# GIVEN MATERIAL:
--------------------

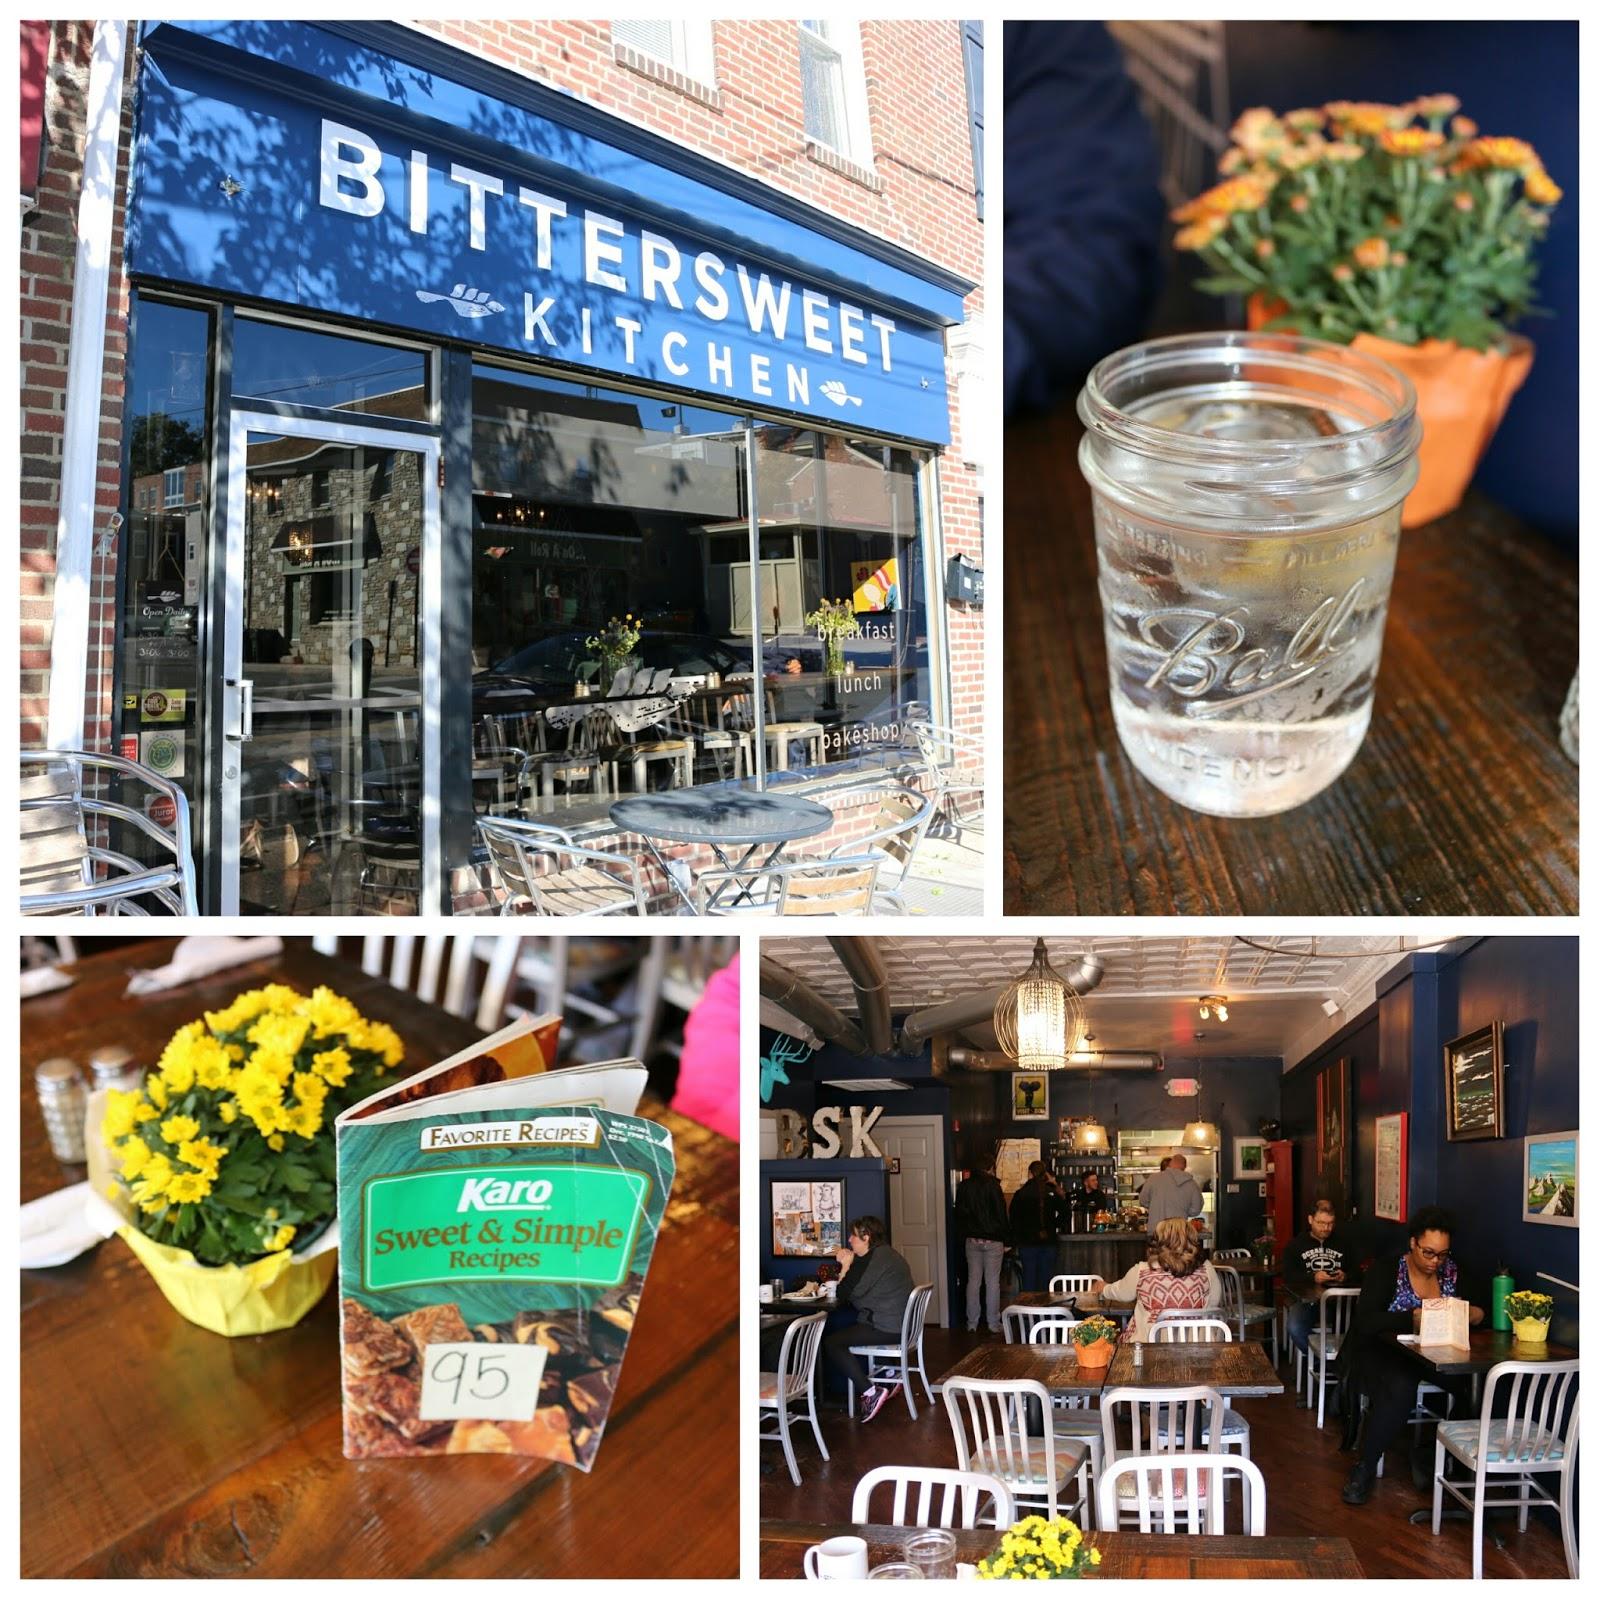 Bittersweet Kitchen Quaint Brunch Spot Right Picturesque Media
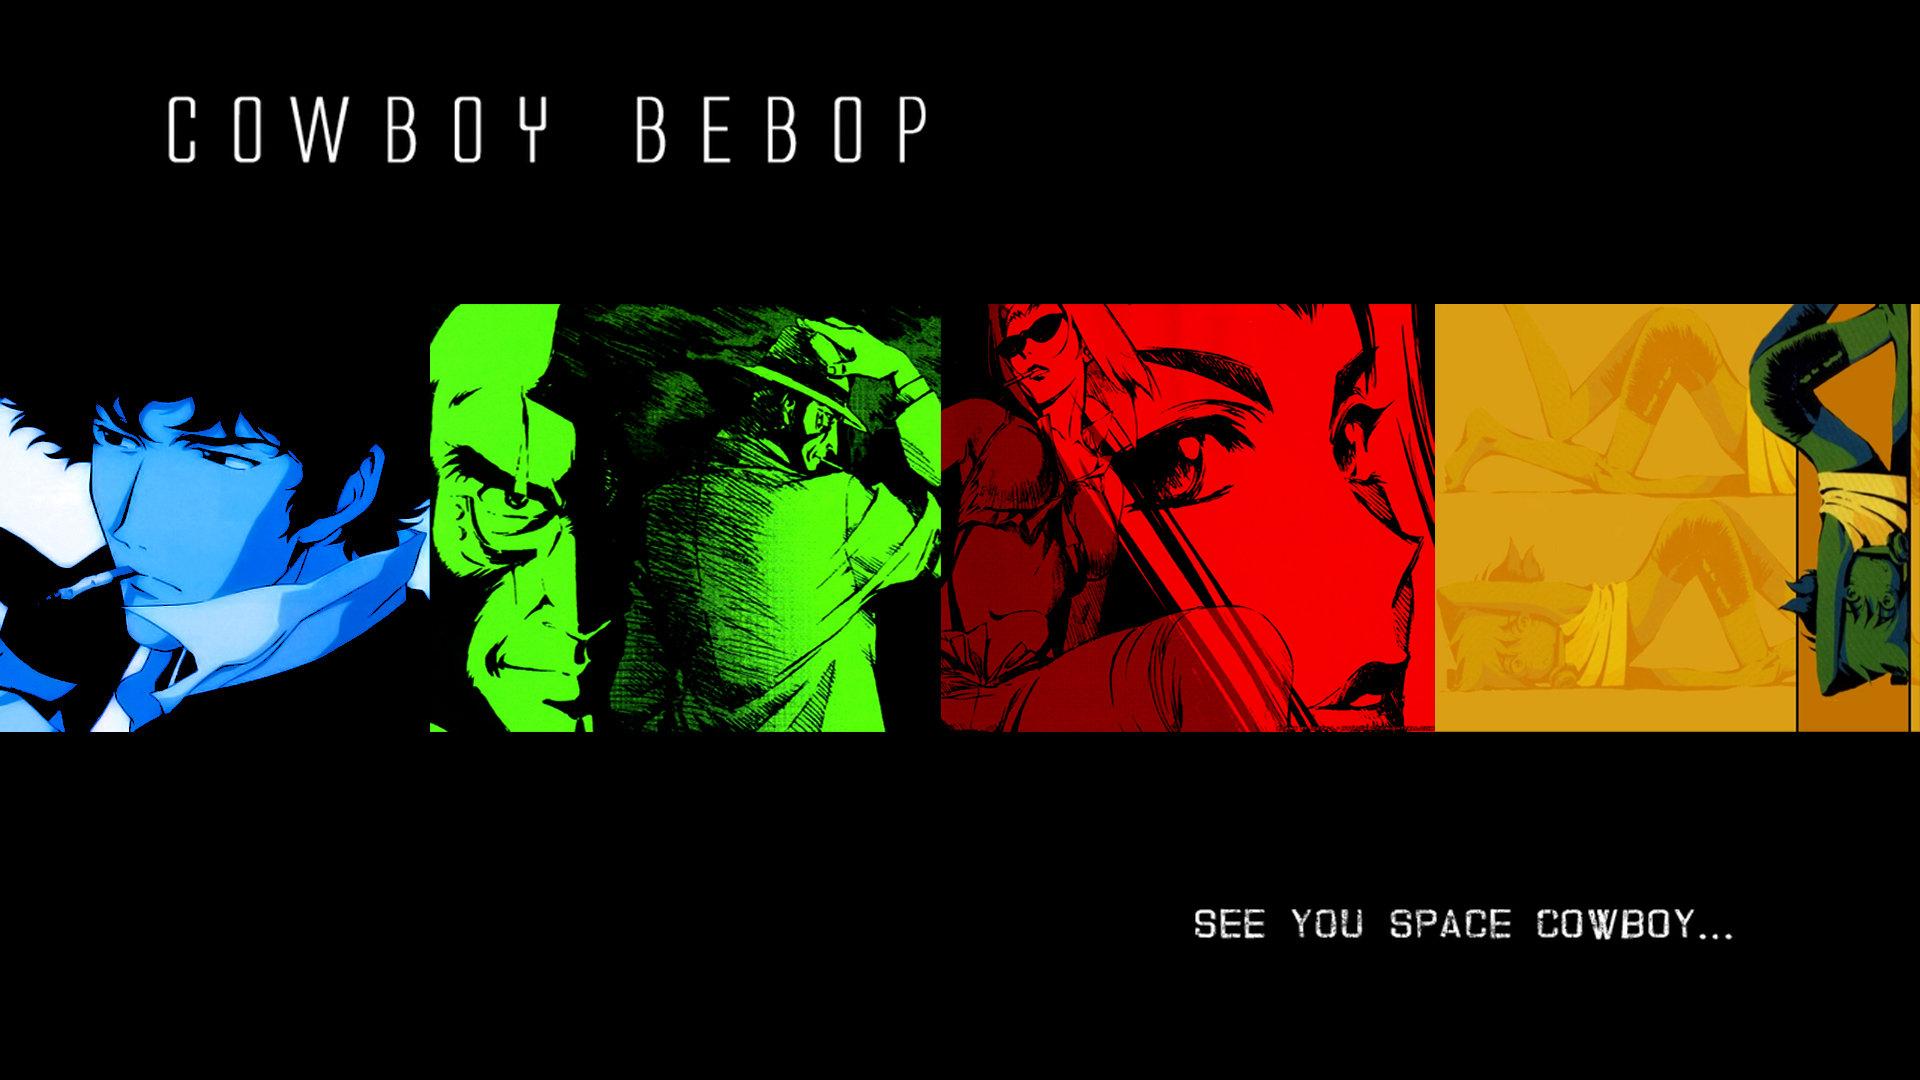 Cowboy Bebop Wallpapers 1920x1080 Full HD 1080p Desktop Backgrounds
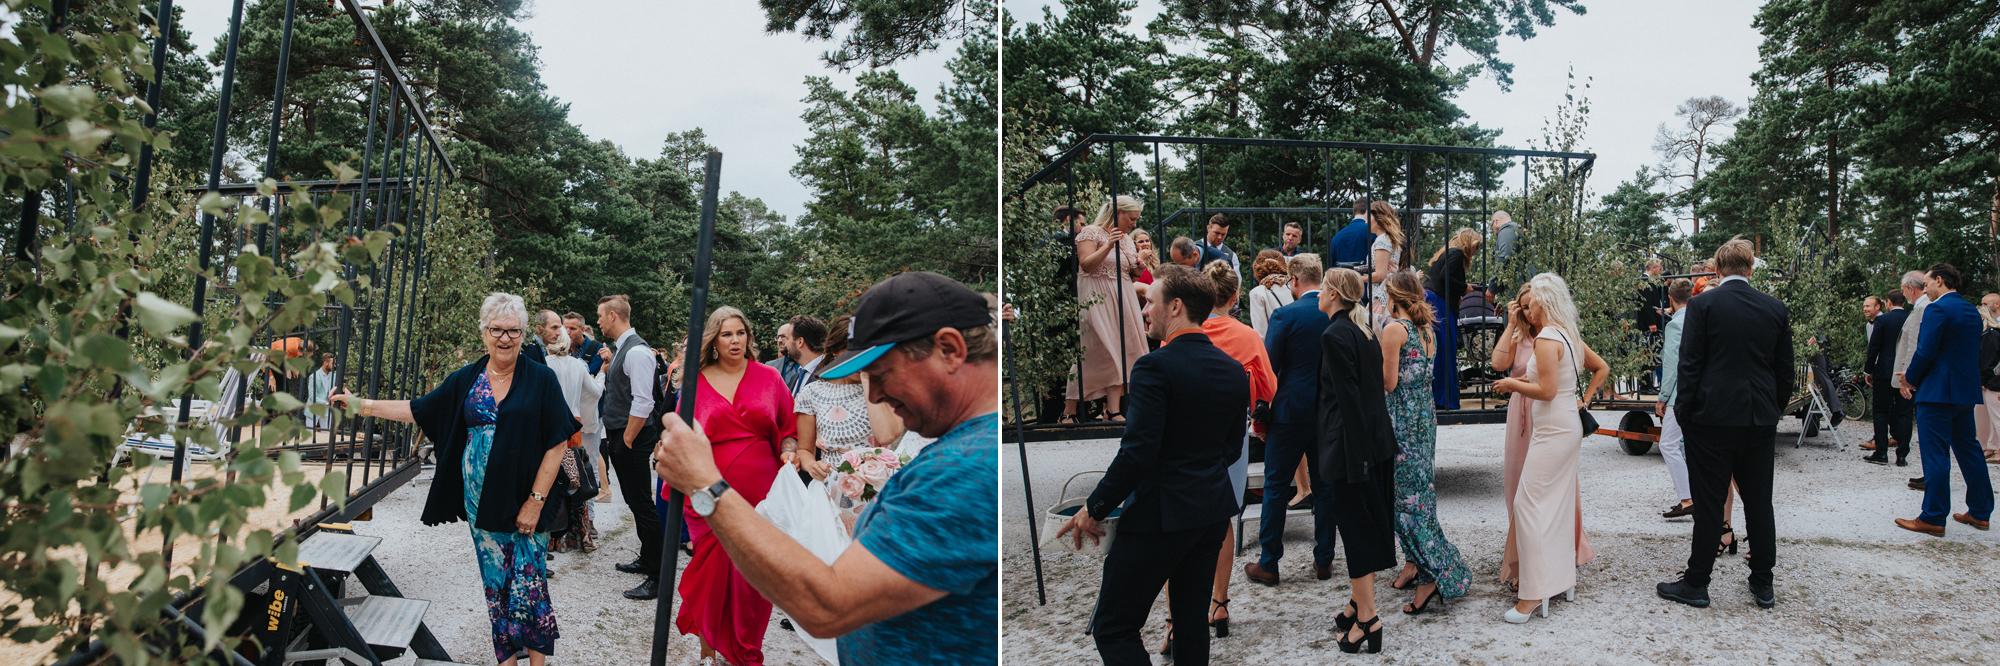 046-bröllopsfotograf-folhammar-gotland-neas-fotografi.jpg

--------------------

# YOUR TASK:
Pictures stay out of the copy; print the material above exactly.

# ANSWER:
 Bittersweet Kitchen Quaint Brunch Spot Right Picturesque Media
 Cowboy Bebop Wallpapers 1920x1080 Full HD 1080p Desktop Backgrounds
 046-bröllopsfotograf-folhammar-gotland-neas-fotografi.jpg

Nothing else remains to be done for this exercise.